Его заело. Он размахнулся еще раз, я нырнул ему под колоть. На этот раз он не упал, но долго соображал, куда я девался. Второй ухажер, видно, не хотел драться, стоял и смотрел.
— Ловкий лось, — сказала Стрелка. — Какие из вас мужики?
— Он приемы знает, — сказал тот, что не хотел ввязываться.
— Дурачье, — сказал я.
Вслед мне послышалось беззлобное ругательство.
Дверь мне открыл хозяин. Он пришел из гостей. Его было не узнать. Новый лавсановый костюм, лицо красное от галстука и выпивки. Симпатичный дядечка с натруженными руками. Он улыбнулся миролюбиво, не заругался, как обычно. Он не любил дачников, как человек, который всю жизнь вкалывал на полях и фермах. Мы ему казались дармоедами.
Я полез по трапу. Евгения Павловна лежала в халате на узком диване и читала Рокуэлла Кента. Она напугалась, когда я вошел без стука. Села, нижняя пуговица халата расстегнута, ноги были очень голые.
— Что? — спросила она.
Из моего рассказа поняла, что у него легкий приступ.
— Господи, — сказала она. — Через неделю он должен ехать на симпозиум за границу, у него доклад. Какая досада…
До нее, видимо, не дошло. Она поправила волосы и посмотрела на себя в зеркало.

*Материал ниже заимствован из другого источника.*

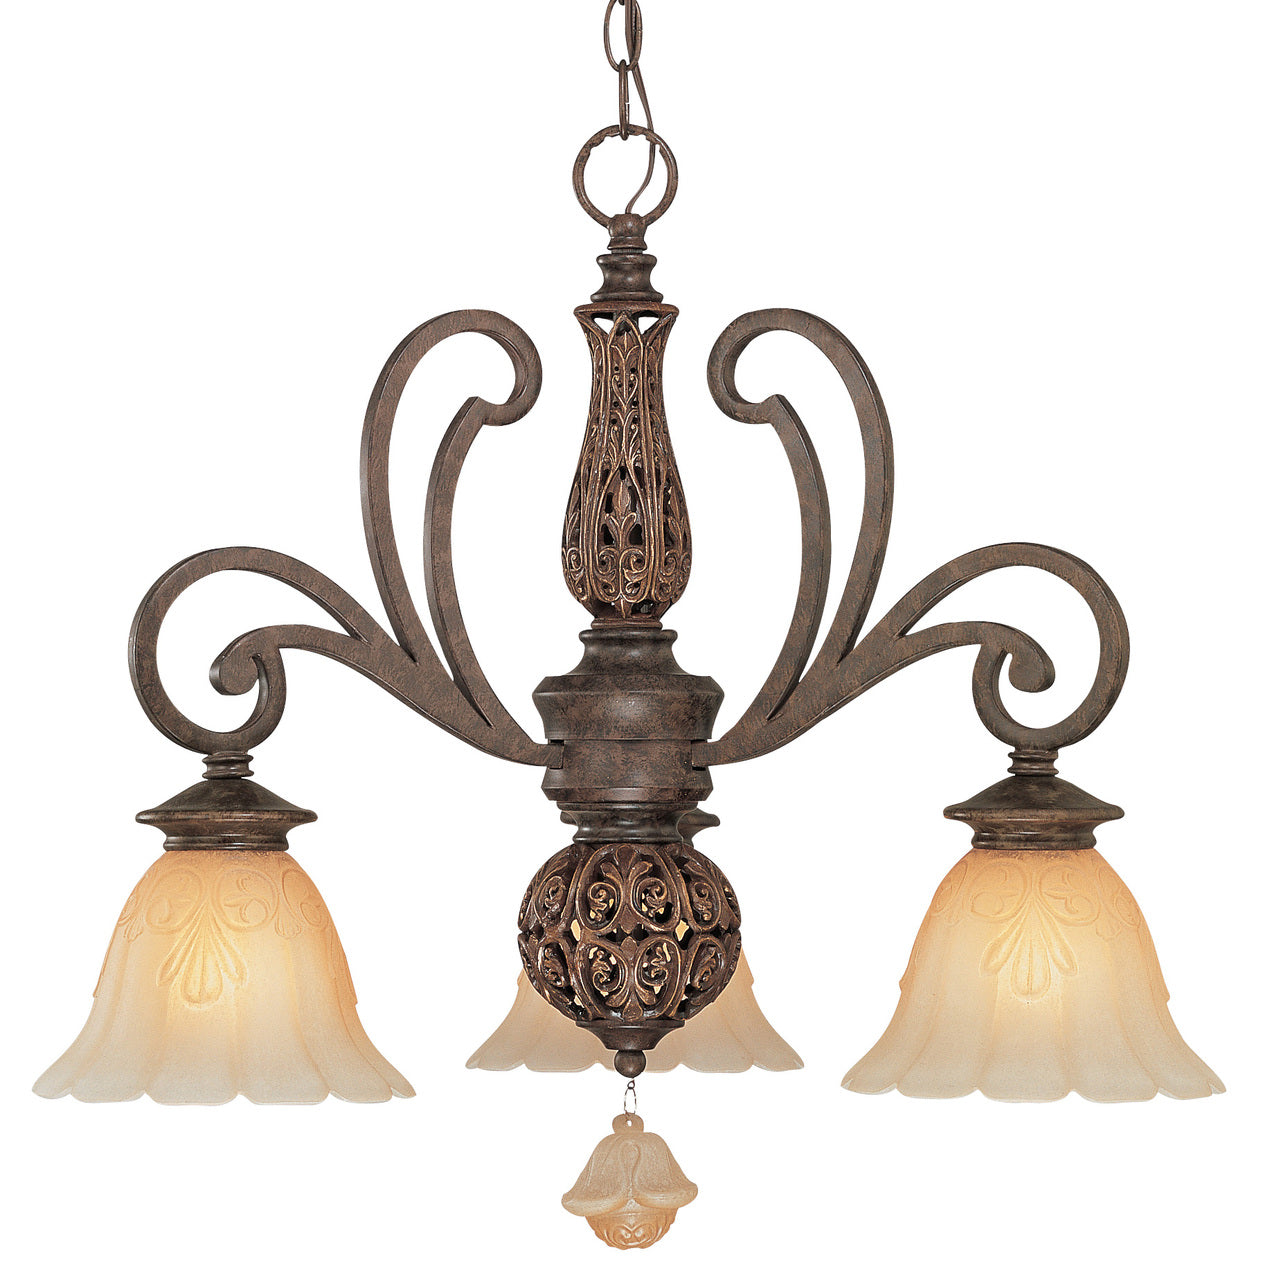 Classic Lighting 71157 TS Riviera Wrought Iron Chandelier in Tortoise Shell

— Я сейчас поеду, — сказала она. — Вы поможете мне?
— Нет, — ответил я. — Машины не ходят, катер пойдет в шесть, если уляжется погода.
Евгения Павловна нервно хрустнула сцепленными пальцами и посмотрела в темное окно. Ветер порывами бросал в стекла водяную пыль.
— Ужасная ночь. Я все равно не усну. Леночки нет. Не знаете, где Леночка? Марк такой здоровый был, никогда не болел… — Она глянула на часы. — Найдите Лену. Где Лена? Господи, он никогда не жаловался.
Она заметалась по комнате, достала таблетки элениума, приняла их. Дом сотрясался от ударов ветра. Стучал слабо затворенный ставень.
— Пойду, — сказал я. — Утром зайдите за мной. Успокойтесь, все будет хорошо…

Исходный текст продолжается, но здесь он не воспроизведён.